Deemed one of the three best spots for gyros in New York by the Daily News, Christos Gyros & Souvlaki is one of the few places in Kingsbridge Heights getting notice for their grub. Their gyros are certainly the best you're going to find in the Bronx, many notches above the halal cart renditions you'll find along Fordham Road, down by the Hub, and in other well trafficked areas. So what about their other fare?
For this visit, we skipped over that much-loved gyro in favor of Christos's pork souvlaki ($5.50), that other standard of the Greek sandwich shop. Unfortunately that sandwich can't quite compete. While the tzatziki is bright and tasty, a little bit tangy with an undercurrent of freshness courtesy of the cucumber, it's also zealously overapplied, like too much cream cheese on a bagel. The pita itself is nothing special, a chewy but more or less bland store-bought canvas for the meat.
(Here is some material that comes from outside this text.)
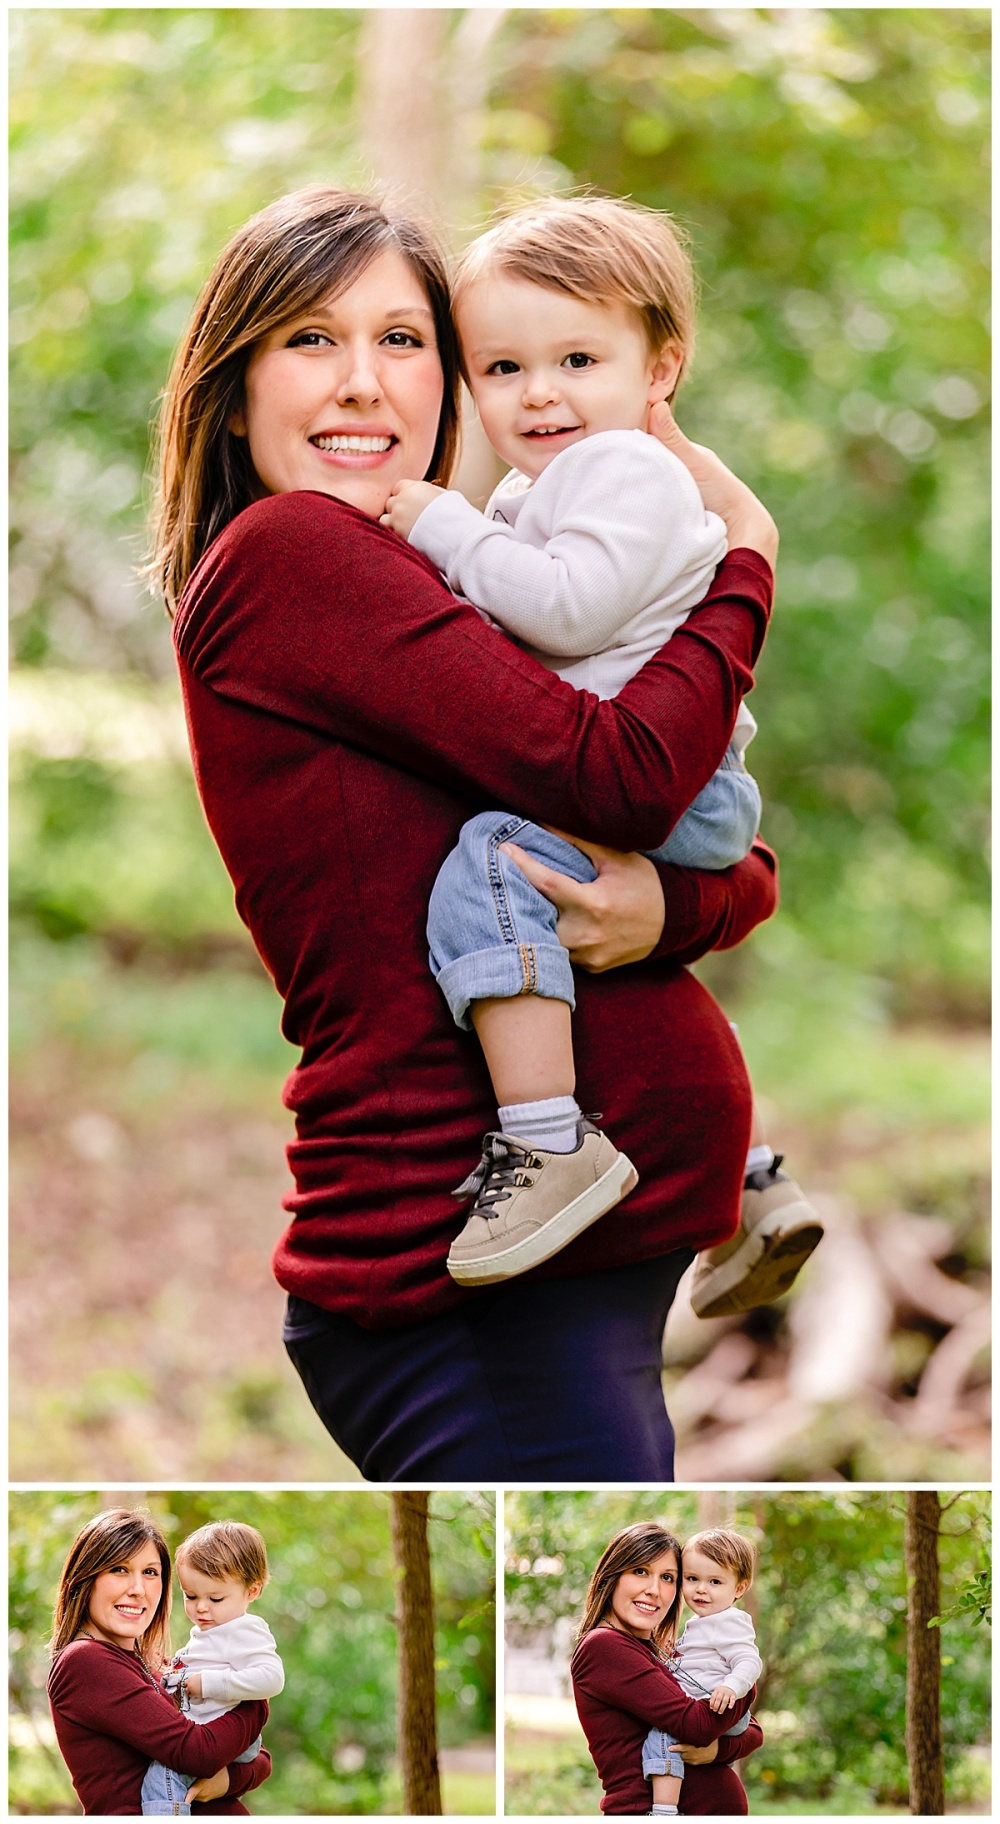 Family-Photographer-Gruene-Texas-Fall-Carly-Barton-Photography_0007.jpg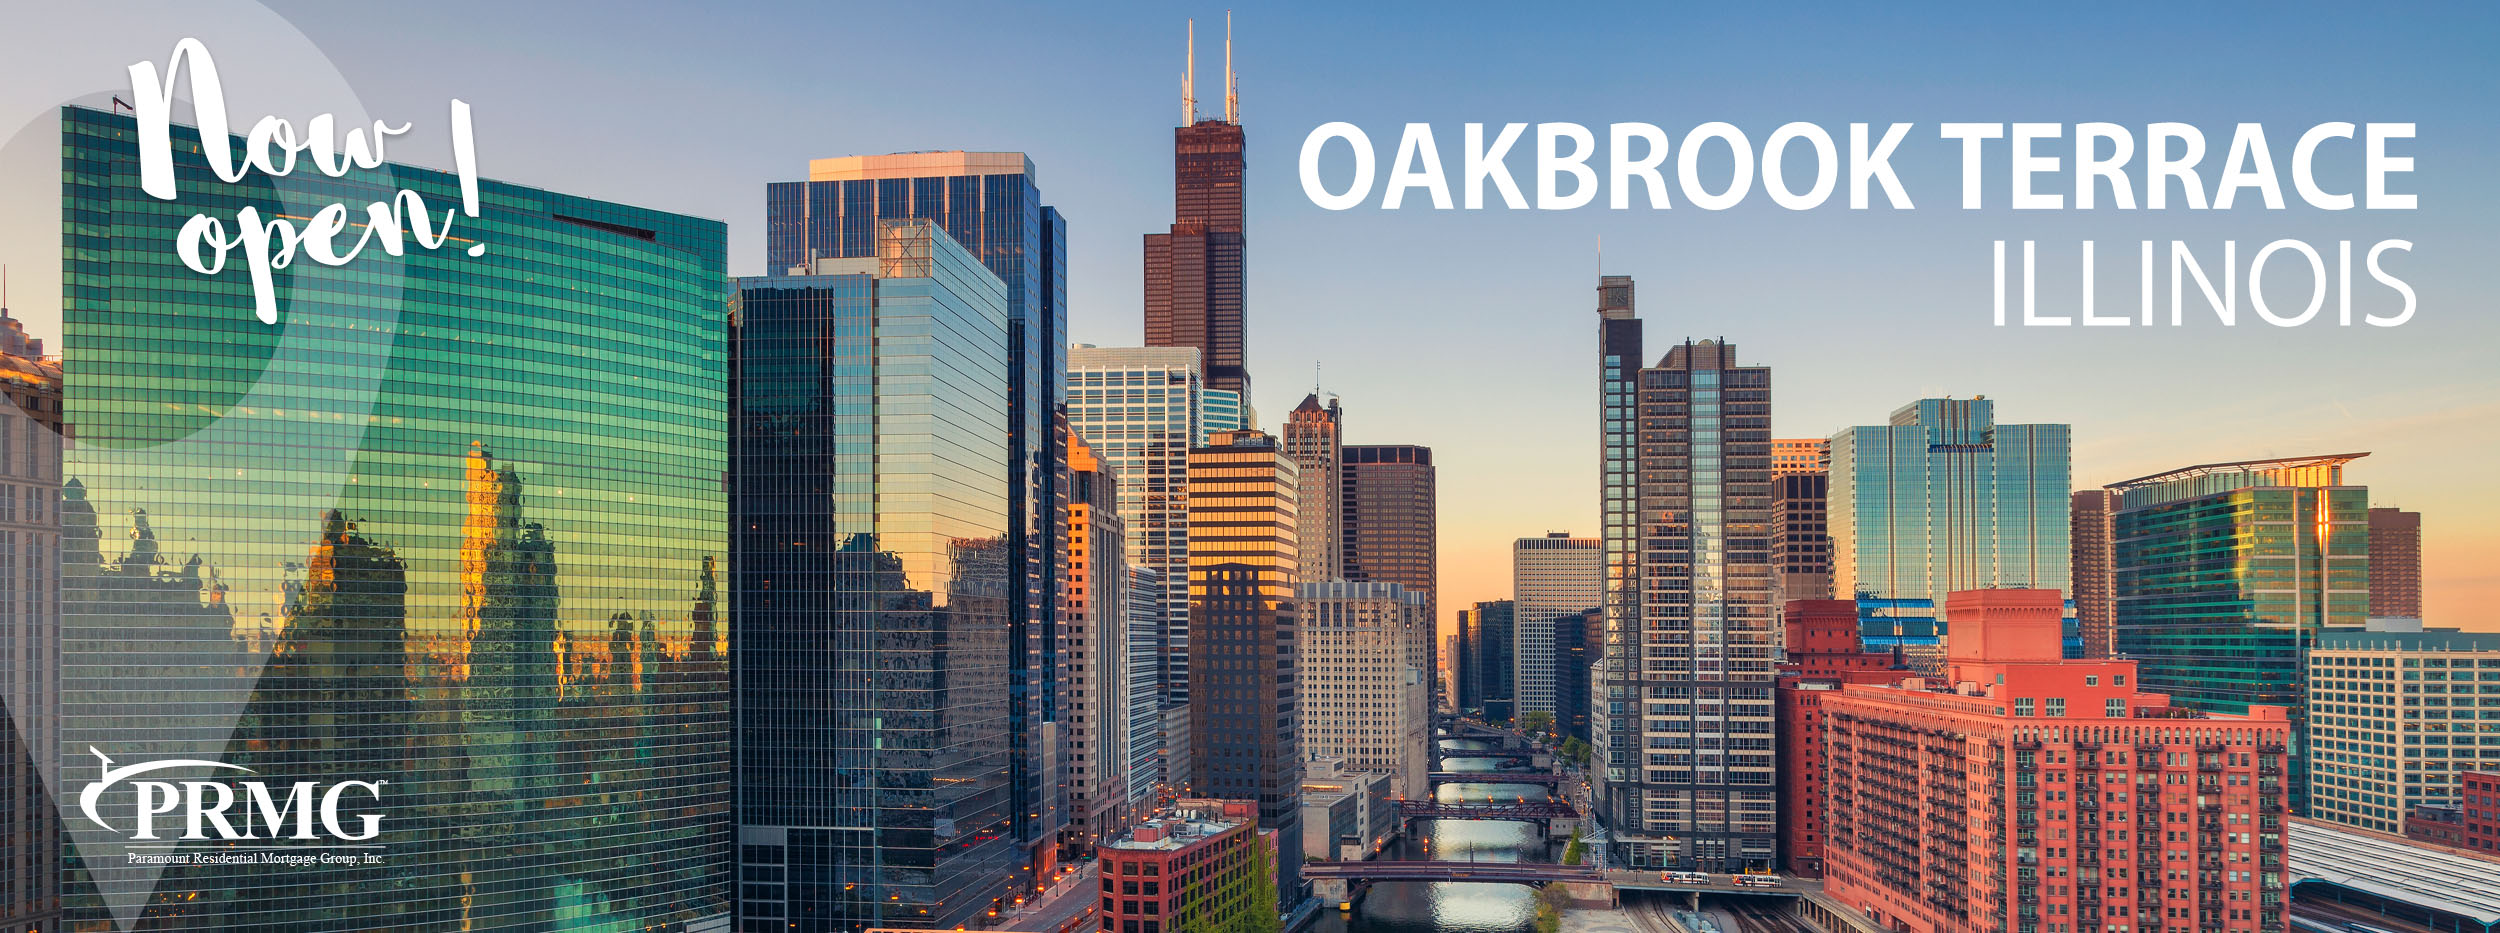 Oakbrook Terrace, IL - Header.jpg

There's a lot of flavorless romaine in there too, and some crunchy, stringy and slightly bitter red onion, but not quite enough pork. What pork you do find has a nice, lightly smoky char that plays well with the creaminess of the tzatziki, but it's not enough to compensate. Do yourself a favor and stick to the gyros.
For all the disappointment that the pork souvlaki is, our meal was rescued, and then some, by the well recommended lemon chicken soup ($6). It's chicken soup as it should be—straightforward and uncomplicated, but salty and lip-smacking with the lemon's tart sweetness. As you drink more of the soup, the lemon flavor comes on stronger, but it never overtakes the soup's poultry backbone. Soft but not mushy rice waits at the bottom, mingling with strands of chicken. It's a soup to embrace.
If you've got a sweet tooth, you'll find a trio of desserts produced by owner Christopher Parashakis's wife: baklava, made daily, Greek yogurt with honey and nuts, and rice pudding ($3.50). I'm a sucker for the latter, and opted for it without second thought. The pudding comes is proudly presented in a tall, classic sundae glass, adorned with a billowing crown of cinnamon and canned whipped cream. Dig through that pillow and you'll get to a rice pudding that is dense and sticky, just a hint nutty and not too creamy, a more subtle but equally tasty take than I am used to enjoying.